On Tuesday, Jezebel published a report detailing several lawsuits filed against Peters (which were largely settled out of court). Warner Bros., the movie’s distributor, then distanced itself from Peters in a statement released to Variety that read: “Jon Peters’ attachment to this property goes as far back as 1976. Legally, we had to honor the contractual obligation in order to make this film.” (Peters previously produced 1976 remake of the film, starring Barbra Streisand and Kris Kristofferson.)
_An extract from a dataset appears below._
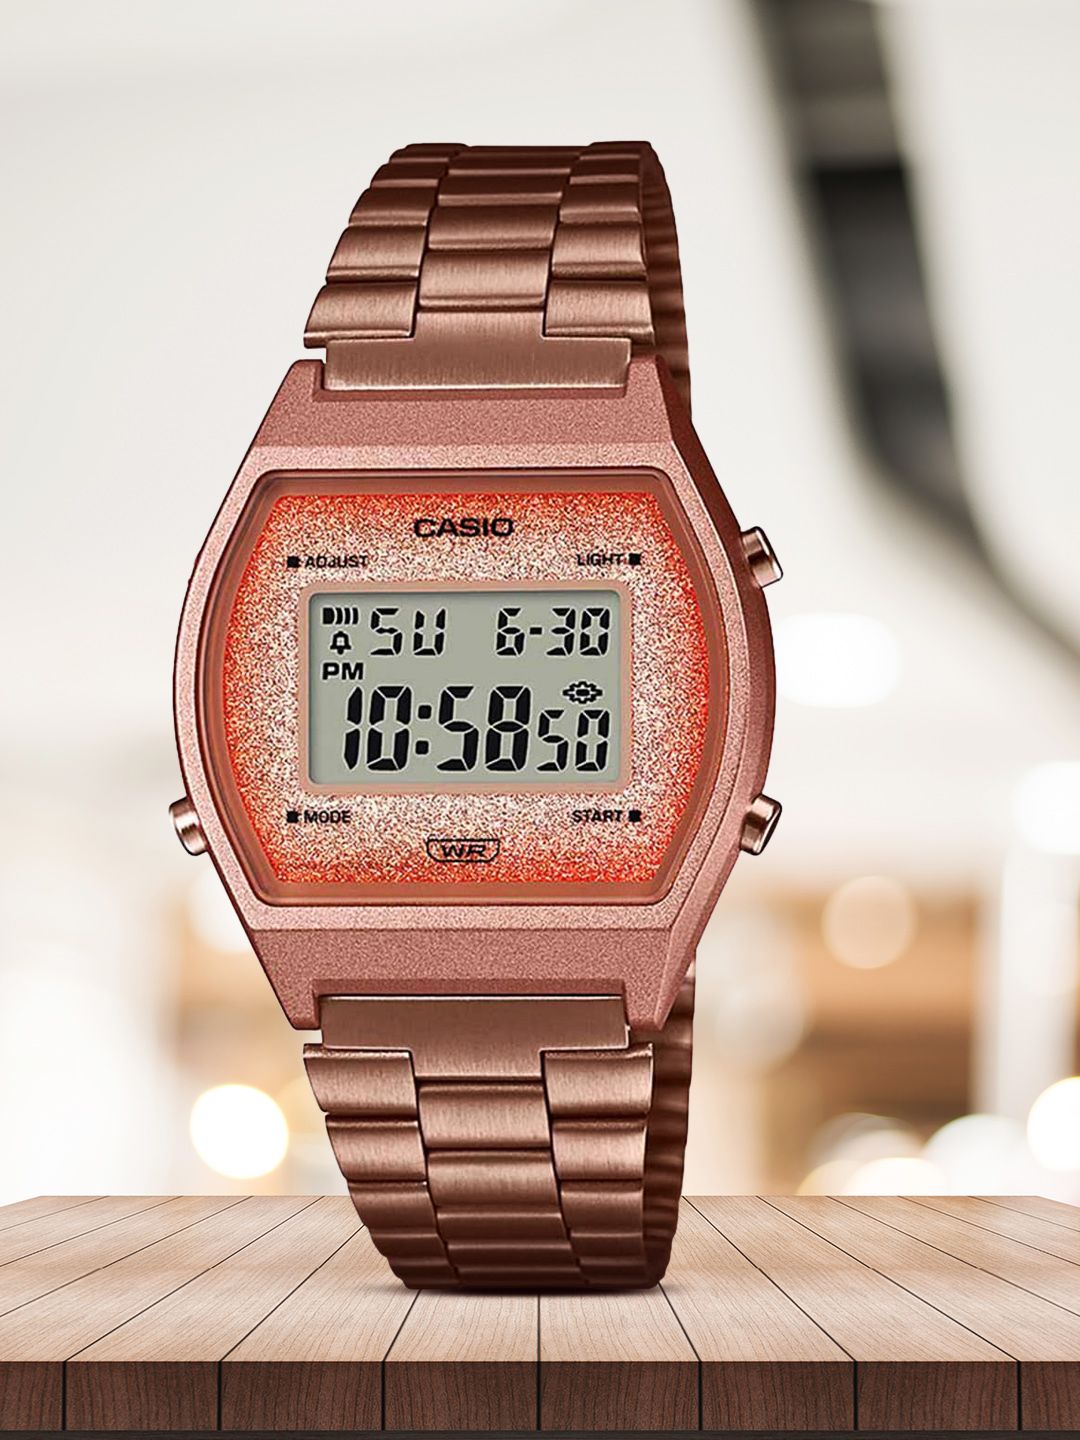 CASIO Unisex Rosegold-Toned Digital Watch D187 Price in India

The Producers Guild of America, additionally, confirmed that Peters had not received a P.G.A. mark on the film, which is reserved for the producers with heavy involvement in the making of a film (a useful distinguishing tool, as those credited as producers on films can have a range of involvement on the movies, from being on set daily to never visiting set once). A Hollywood Reporter profile of Peters from 2017 seemed to indicate that he had a hands-on involvement in this movie, often through his own quotes. The piece, written by THR’s deputy film editor Tatiana Siegel, claimed “the chance to remake A Star Is Born… gradually drew him back into the business,” and went as far to contrast his self-reported experience of being banned from the set of 2013’s Man of Steel (on which he was listed as an executive producer) and raking in tens of millions of dollars. “…His days of being paid tens of millions to stay away from a movie probably are in the past,” reads Siegel’s copy. Additionally, the film’s trailer labels this A Star Is Born as, “A Jon Peters/Bill Gerber/Joint Effort Production.”
In an interview on NPR’s Morning Edition, posted Friday, co-host Rachel Martin asked Cooper, “I have to ask you, one of the producers on the film is a man named Jon Peters. He’s been sued multiple times for sexual harassment. The Producers Guild of America announced recently he would no longer be recognized as a producer on his film. [Note: Per Warner Bros., Peters will remain credited as a producer, just not a P.G.A.-certified producer.] But I wonder as a first-time director, did you think, ‘What kind of a culture am I setting here? I’m the boss. I’m the director.’?”
“It’s so true,” Cooper responded. “It’s a great question.” (Note: Cooper did not respond to Jezebel’s request for comment earlier this week, nor did his co-star Lady Gaga, Warner Bros., or Peters).
Cooper went on to say that Peters was credited as producer because of the “grandfather clause of the movie” and said that Peters was not on set.
Cooper’s full quote reads:
With this property, there are many writers that come before — if you see the end credits, it’s like, there’s 10 writers. And [Jon Peters] was part of the, I guess, the grandfather clause of the movie, and we had to get his consent in order to make the movie. When you’re at the helm, it’s a huge responsibility. And I guess — I mean, first of all, on the set … you have to create an environment where everybody feels safe. Everybody. And there’s no room for disrespect, nothing. And that’s something that you’d have to ask everybody who was involved, but I feel like that’s the environment I created. Luckily, Jon wasn’t there. And if I had known all those things, I would have done it differently. And I guess it’s … I wanted to make the movie, I knew I had to get consent from him, otherwise there’s no film. But I should have checked. I guess that’s the thing.
He’s right, that’s the thing. Because the fact stands that unless Peters was feeling particularly philanthropic the day he granted his permission as rights holder for this film to be made, he stands to profit from it, whether it was via an up-front deal or will come by way of residuals, as his supposedly astronomical profits from the last two Superman movies did (“He says he took home $80 million to $85 million combined for 2006’s Superman Returns and Zack Snyder’s Man of Steel,” said The Hollywood Reporter). For putting more money in Peters’s pocket, A Star is Born is then, at the very least, a case study in the tenaciously sticky residue that Hollywood’s traditionally harassment-permissive culture has left as it attempts to adopt, promote, and exhibit the principles of #MeToo and #TimesUp.